Nomogram establishment and validation

Utilizing the baseline demographic features, clinical manifestations, and laboratory parameters from the training set, we employed LASSO regression to analyze 34 variables. Subsequently, we selected lambda.1se which was 0.052 as the optimal lambda, leading to the identification of seven potential candidate factors: age, hemorrhage symptoms, nervous system symptoms, PT, D-dimer, CRP, and CREA, after filtering out nonzero coefficient features (Fig. 2). Multivariable logistic regression analysis was then conducted, incorporating these seven nonzero coefficient features (Table 3). The results revealed that older age (OR, 1.060; 95% CI, 1.017–1.109; P = 0.007), prolonged PT (OR, 1.765; 95% CI, 1.175–2.752; P = 0.008), elevated levels of CREA (OR, 1.017; 95% CI, 1.003–1.031; P = 0.019) and D-dimer (OR, 1.039; 95% CI, 1.005–1.078; P = 0.032), along with the presence of hemorrhage symptoms (OR, 3.414; 95% CI, 1.096–10.974; P = 0.035) and nervous system symptoms (OR, 8.244; 95% CI, 3.035–26.858; P < 0.001), were identified as independent risk factors for severe SFTS patients. Subsequently, a predictive model was constructed incorporating these six independent risk factors and visualized through a dynamic nomogram. To illustrate the model’s utility, we selected a specific participant to demonstrate the prediction process. For instance, a patient aged 72, with PT of 14.4s, CREA of 66.4µmol/L, D-dimer of 41.52 mg/L, and presenting with nervous system symptoms at admission, would yield a total point score of 343 and an estimated probability of progressing to severe disease of 90.3% (Fig. 3).

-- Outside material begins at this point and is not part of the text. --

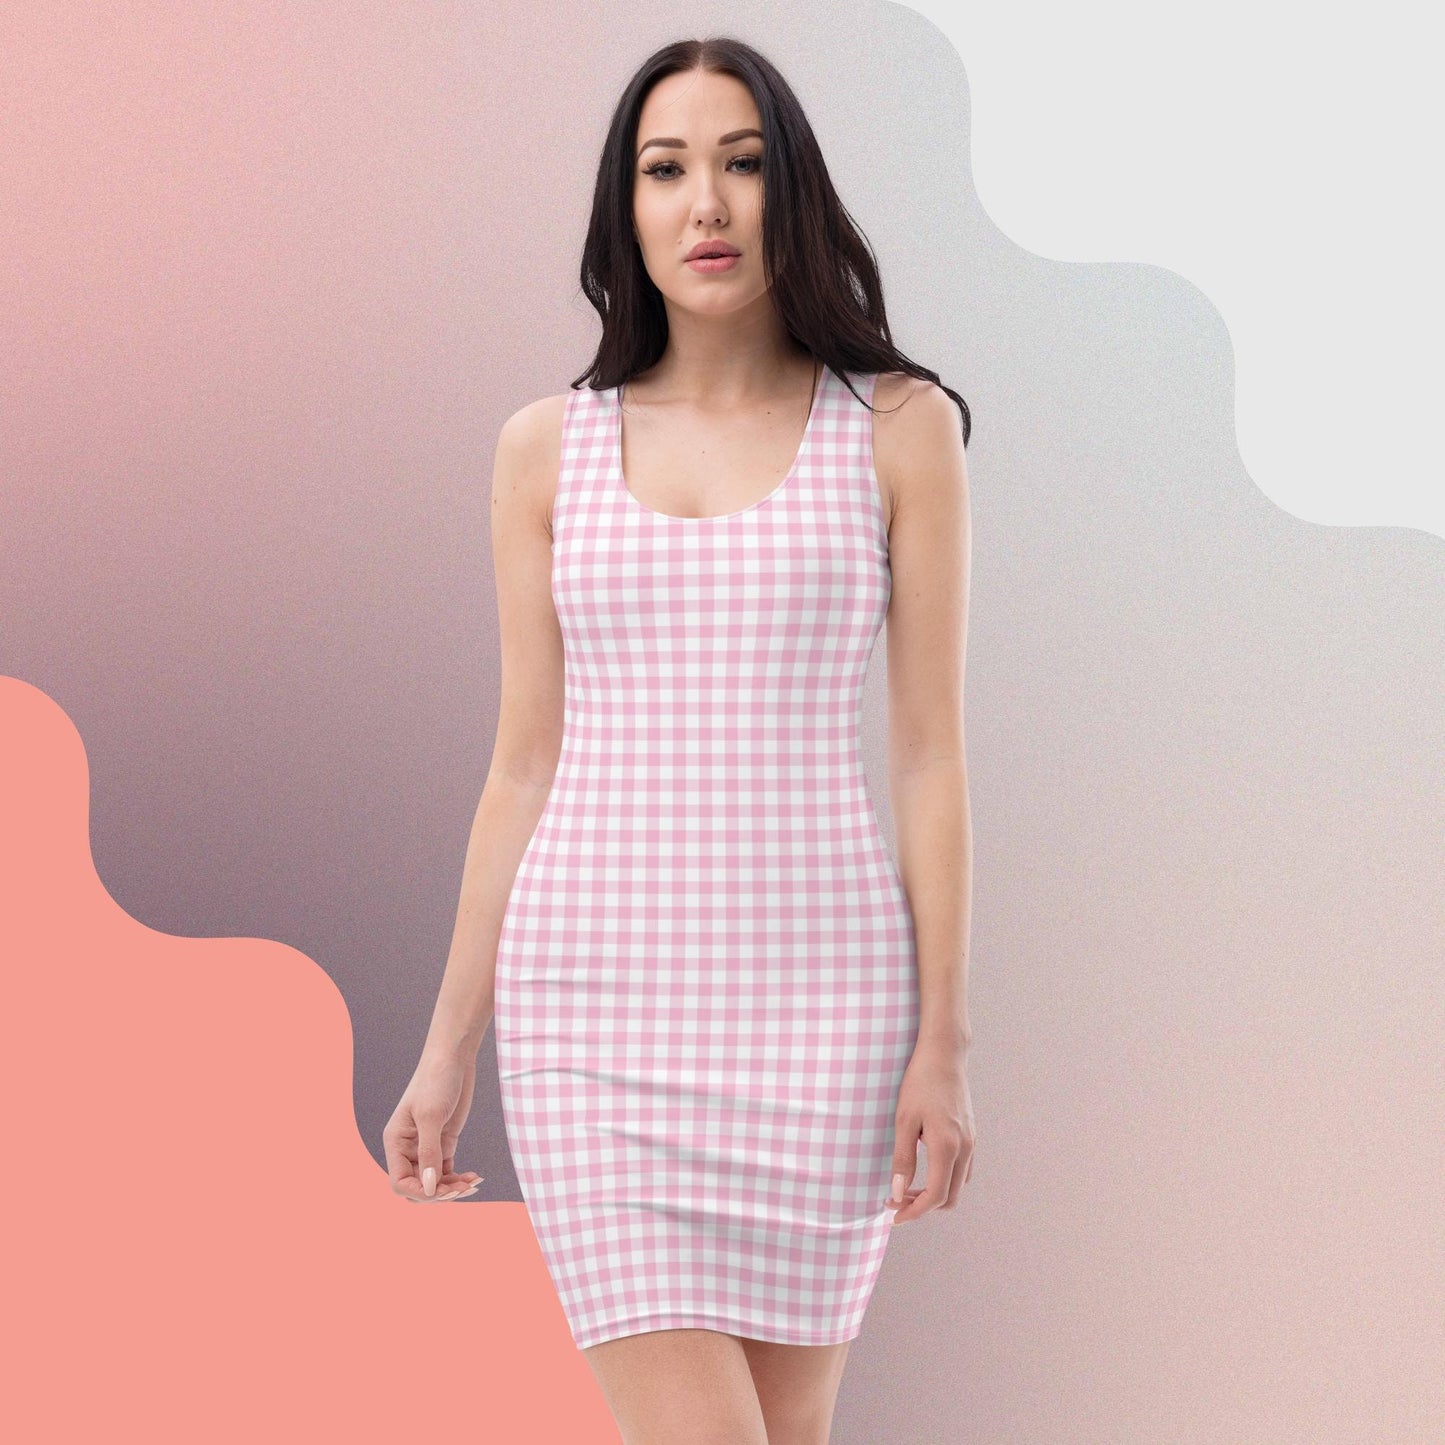 Pink Gingham Y2K 90s Retro Sheath Checker Tank Sleeveless Bodycon Halloween Let's Go Party NYE Costume Cruise Rose Gold Sexy Cocktail Dress

Potential predictive variables selection by LASSO regression. (A) Seven predictors with non-zero coefficients were screened among 34 variables by deriving the optimal lambda. (B) Range of lambda and optimal lambda selection in the LASSO model

Full size image

Dynamic nomogram for predicting of the severity of SFTS patients. (A) The dynamic nomogram. Assign points to each predictor by drawing vertical lines to the “Points” axis followed by calculating the total points as their sum. The probability of disease progression can be easily acquired according to the total points. The example in the figure above showed that a patient aged 72, with PT of 14.4s, CREA of 66.4µmol/L, D-dimer of 41.52 mg/L, and presenting with nervous system symptoms at admission, would yield a total point score of 343 and an estimated probability of progressing to severe disease of 90.3%. (B) The interactive interface of the online dynamic nomogram (https://sfts.shinyapps.io/SFTS_severity_nomogram/). PT, prothrombin time; CREA, creatinine, SFTS, severe fever with thrombocytopenia syndrome

Full size image

The ROC curve analysis was employed to assess the discriminative capacity of the prediction model. The area under the curve (AUC) values of the ROC were 0.9009 (95% CI, 0.8563–0.9455) and 0.9312 (95% CI, 0.8796–0.9827) in the training set and the validation set, respectively (Fig. 4), indicating favorable specificity and sensitivity. The calibration curves demonstrated that the predicted probabilities aligned well with the actual incidence of severe disease, and mean absolute errors were 0.019 and 0.032 in the training and validation set, respectively (Fig. 5). The C-index for severe SFTS prediction for the training set and validation set was 0.901 (95% CI, 0.857–0.945) and 0.931 (95% CI, 0.880–0.982) respectively. The DCA curves illustrated that the threshold probabilities of the prediction model in the training and validation sets were 24.2–88.2% and 27.9–82.6%, indicating that the model had clinical decision-making value evaluated by balancing discrimination and calibration (Fig. 6).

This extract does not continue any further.